Süddeutsche Zeitung

Digitales Geld:Anarcho-Währung Bitcoin

Das Vertrauen in staatliche Währungen hat gelitten - das digitale Zahlungsmittel Bitcoin ist beliebt, weil es unabhängig von der Geldpolitik ist. Damit wäre allerdings vorbei, sollte es zur relevanten Währung werden.

Ein Kommentar von Kathrin Werner

Virtuelle Münzen kommen immer stärker in der wirklichen Welt an. Beim Basketballteam Sacramento Kings etwa bekommt man im Tausch für Bitcoin jetzt alles von Tickets über Trikots bis zum Hotdog im Stadion. Eine Kirche in London akzeptiert Bitcoin für die Kollekte. Und Microsoft hat den Währungsrechner der Suchmaschine Bing gerade um Bitcoin ergänzt. Es wirkt, als sei die Internetwährung nun ernst zu nehmendes Geld.
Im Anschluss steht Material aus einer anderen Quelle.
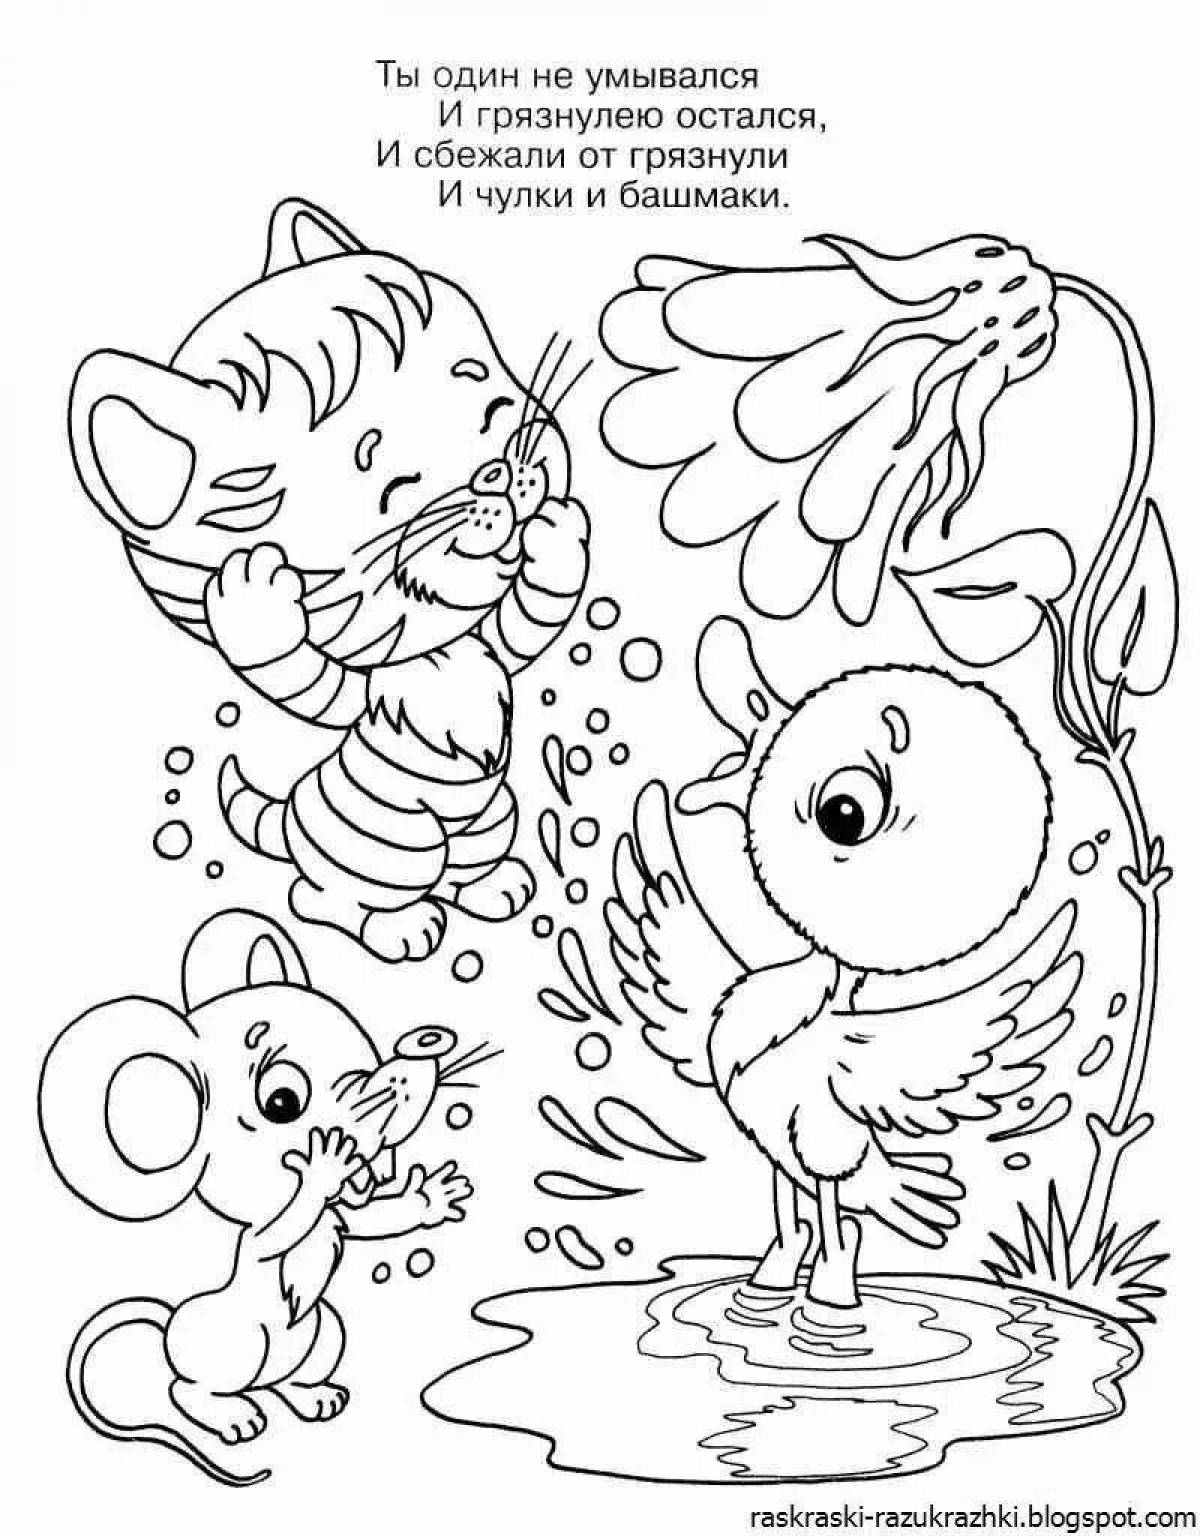 Chukovsky's brilliant fairy tale coloring book

Doch das ist trügerisch. Hinter Bitcoin steckt Satoshi Nakamoto, ein geheimnisvoller Programmierer oder eine Programmiergruppe. Nakamoto hat die virtuelle Währung 2008 eingeführt und festgelegt, dass es nie mehr als 21 Millionen Internet-Münzen geben wird. Anders als "echtes" Geld werden Bitcoin nicht vom Staat gedruckt, sondern mit einem komplizierten Algorithmus von Computern errechnet; "mining" nennt man das - der Begriff soll an den Goldstandard erinnern und Zuverlässigkeit vortäuschen.

Bitcoin hat für Nutzer eine Menge Vorteile. Es handelt sich nicht nur um eine Währung, sondern auch um ein System für weltweite Transaktionen ohne Mittelsmänner wie Banken. Die Betreiber von Online-Läden etwa müssen bei Kreditkartenzahlungen meist eine Gebühr von zwei Prozent zahlen, die mit Bitcoins wegfällt. Für Menschen in Entwicklungsländern, die oft keine Bankkonten haben, könnten Bitcoins eine leicht zugängliche, global einsetzbare Währung werden, auf die ihre Regierungen keinen Zugriff haben.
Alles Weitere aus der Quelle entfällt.